Henri Edmond Cross - La Mer Clapotante (1902 - 1905)


Avec Seurat et Signac, Cross est l'un des trois représentants du néo-impressionnisme. Brillant coloriste de la fin du siècle, il a exercé une influence déterminante sur la naissance du fauvisme. L'année 1891 est capitale pour lui : il adopte le divisionnisme alors que Seurat vient de mourir, et s'installe définitivement dans le Midi. À partir de 1903 et jusqu'à sa mort en 1910, Cross réalise le meilleur de son œuvre.

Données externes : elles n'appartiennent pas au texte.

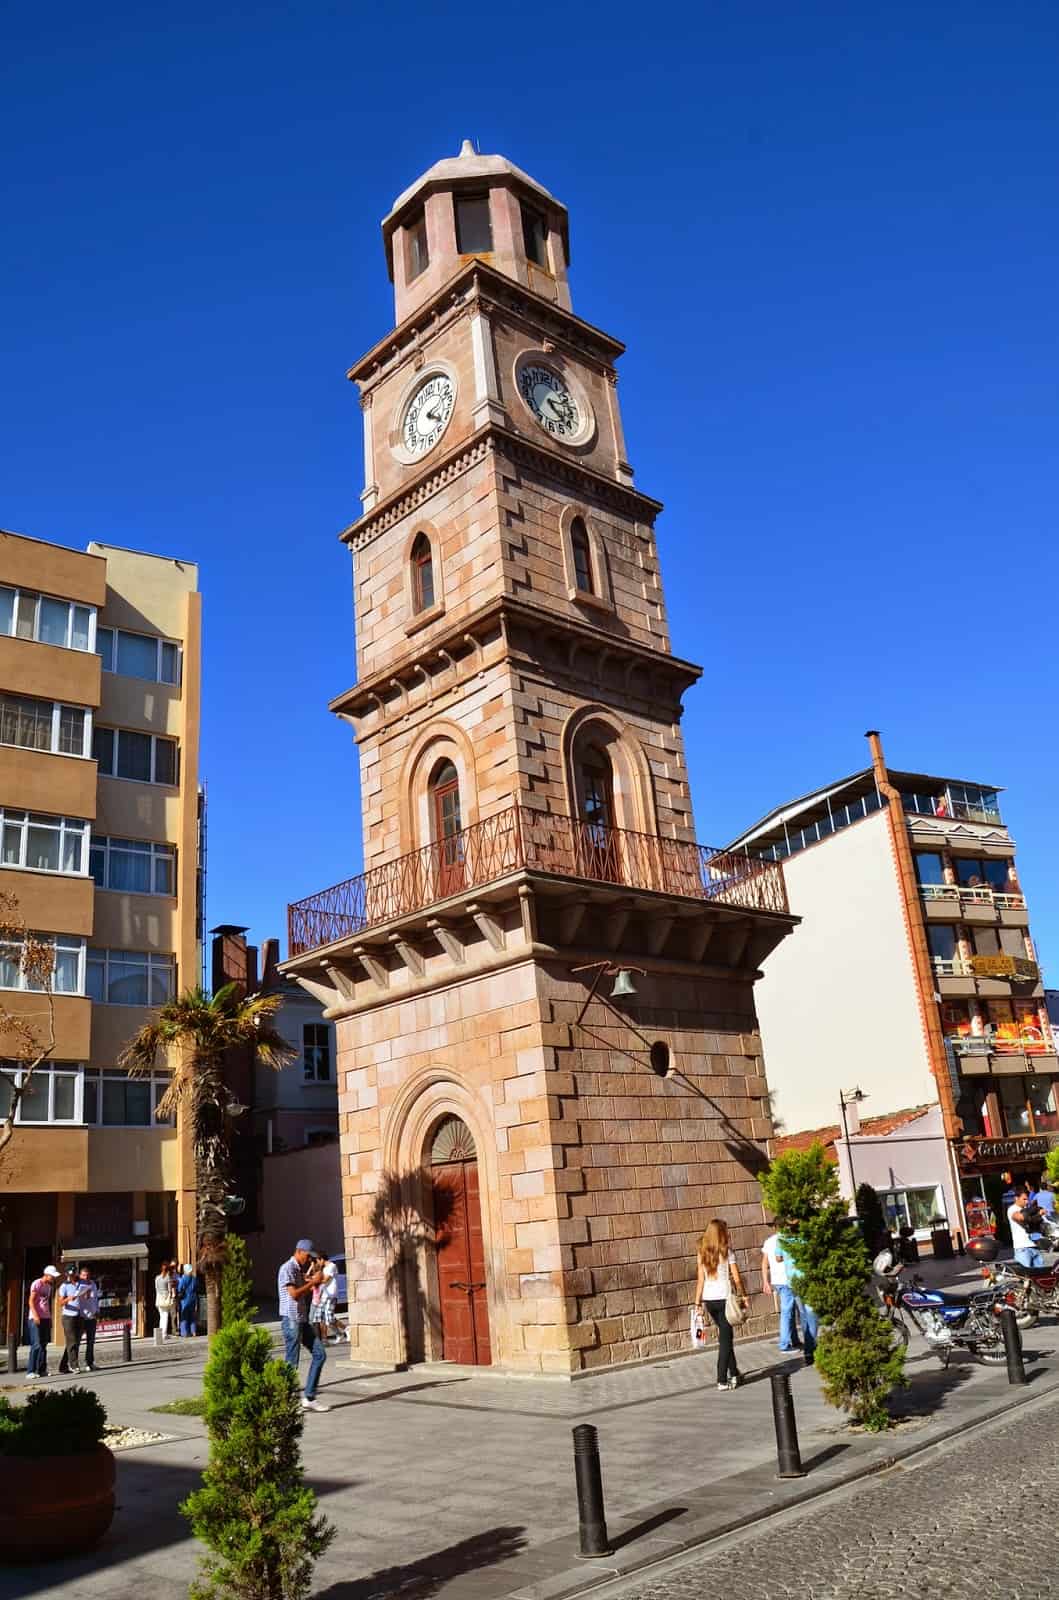 Çanakkale Clock Tower in Çanakkale, Turkey

Maximilien Luce, Portrait de Henri Edmond Cross, 1898

La vie dans le sud de la France, va représenter pour lui (comme pour Signac d’ailleurs) un moment clé dans le parcours de sa carrière, une autre compréhension de la lumière plus claire qu’il fera onduler au gré de ses envies et de ses goûts, la pratique de la division de ton, une nouvelle direction à sa peinture. 

Les années tardives :

I - L'œuvre de Cross de 1891 à 1899 :

Les peintures de Cross du début au milieu des années 1890 sont typiquement pointillistes, avec de minuscules points de couleur placés étroitement et régulièrement.


Henri Edmond Cross - La Ferme, matin, 1893

Henri Edmond Cross - La Ferme, le soir, 1893


À partir de 1895 environ, il a progressivement modifié sa technique, utilisant plutôt de larges coups de pinceau en blocs et laissant de petites zones de toile nue exposées entre les traits. Les surfaces résultantes ressemblaient à des mosaïques, et les peintures peuvent être considérées comme des précurseurs du fauvisme et du cubisme. 


Henri Edmond Cross - Bords Méditerranéens (1895)
Henri Edmond Cross - Le nuage rose (1896)

Henri-Edmond Cross - La terrasse  (vers 1901)


Dans le style pointilliste, de minuscules taches de peinture étaient utilisées pour mélanger harmonieusement les couleurs; en revanche, la stratégie du «néo-impressionnisme de deuxième génération» était de garder les couleurs séparées, ce qui se traduisait par des «effets visuels chatoyants vibrants par contraste». Cross a déclaré que les néo-impressionnistes étaient "beaucoup plus intéressés à créer des harmonies de couleurs pures, qu'à harmoniser les couleurs d'un paysage particulier ou d'une scène naturelle". 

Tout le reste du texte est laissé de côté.